Wow, you have a strong ass back.  You can get rubber weights that add 5-10 pounds a pop to add on the cable stack though if you like that movement.


----------



## Mudge (Feb 12, 2006)

I bend at the knees and I have no real back issues, on my last couple reps I actually bend over more (probably out of lower back tiredness) but I dont go 100% lately so its not a problem for me.

I like to throw in support rows but as a mainstay I dont think they work as well as the freeweight row.


----------



## Tough Old Man (Feb 12, 2006)

CowPimp said:
			
		

> Wow, you have a strong ass back. You can get rubber weights that add 5-10 pounds a pop to add on the cable stack though if you like that movement.
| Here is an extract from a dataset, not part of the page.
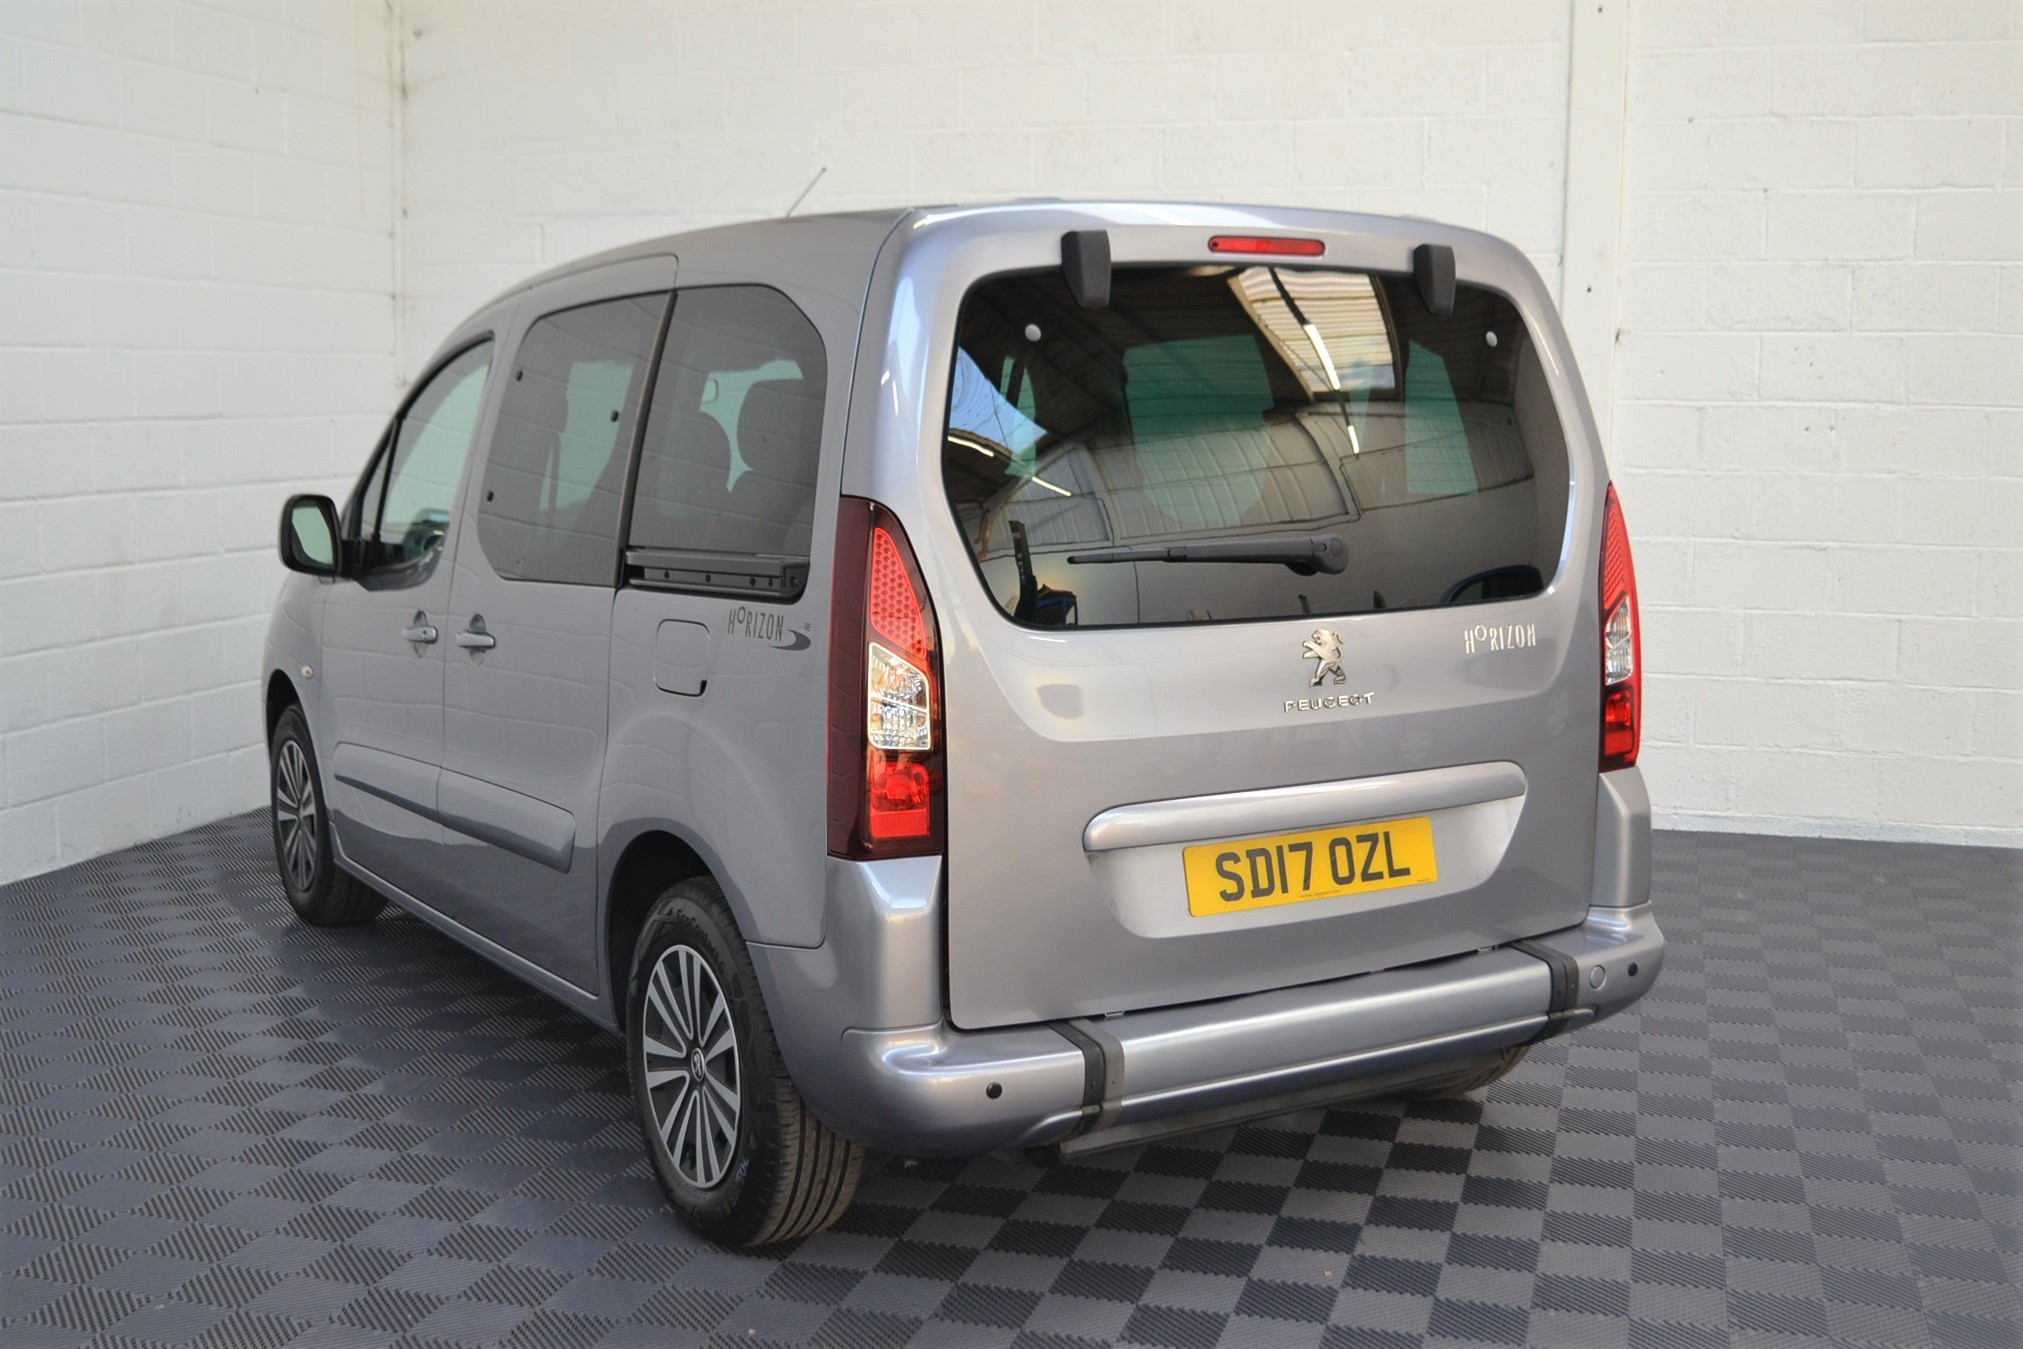 WAV Cars For Sale Bristol Wheelchair Accessible Vehicles Used For Sale Somerset Devon Dorset Bath Peugeot Partner SD17 OZL 3

No that's not it as it is a free weight machine, but only rated at 300 lbs. I could put more on it, but not sure where the rating is. Whether it's the cable or pulleys not sure.


----------



## CowPimp (Feb 12, 2006)

Tough Old Man said:
			
		

> No that's not it as it is a free weight machine, but only rated at 300 lbs. I could put more on it, but not sure where the rating is. Whether it's the cable or pulleys not sure.



Oh, I gotcha.


----------



## Carl Nevins (Feb 12, 2006)

"Head supported bent over rows" takes the pressure off the lower back.  Also you might want to place a folded towel or sweat shirt on the elevated portion of the bench to keep your forehead alttle more comfortable.  Also this exercise allows the trainee to be darn near parallel to the floor.


----------



## Caesar (Feb 12, 2006)

I've used one of those before. I liked it alot, but the ergonomics of it were a bit off for me. I'm tall (6'3") and had to adjust myself in an awkward position for it to work right. I liked it for burnout sets because i could use a spotter to give me a little extra help when i needed it, but if it''s for your home gym you probably wouldn't have that. I'd recommend it though.


----------



## min0 lee (Feb 12, 2006)

Carl Nevins said:
			
		

> "Head supported bent over rows"


 
Wouldn't that put unnecessary strain on the neck? I can't imagine going real heavy and risk snapping my neck.


----------



## rangers97 (Feb 13, 2006)

Tough Old Man said:
			
		

> These things any good to use for rows? Thinking of buying one today for my home gym.
> 
> 
> 
> ...


 
I have that exact machine.  Bought it from Dick's Sporting Goods online for like $130, and so far so good.  I've had it for about 2 months now, of course, I have only gotten up to about 165 pounds on it, but it has held up.  It is a bit flimsy, but for $130, you get what you pay for.  But I think it should hold AT LEAST 200 pounds of plates with no problems and of course hopefully more.


----------



## Tough Old Man (Feb 14, 2006)

rangers97 said:
			
		

> I have that exact machine. Bought it from Dick's Sporting Goods online for like $130, and so far so good. I've had it for about 2 months now, of course, I have only gotten up to about 165 pounds on it, but it has held up. It is a bit flimsy, but for $130, you get what you pay for. But I think it should hold AT LEAST 200 pounds of plates with no problems and of course hopefully more.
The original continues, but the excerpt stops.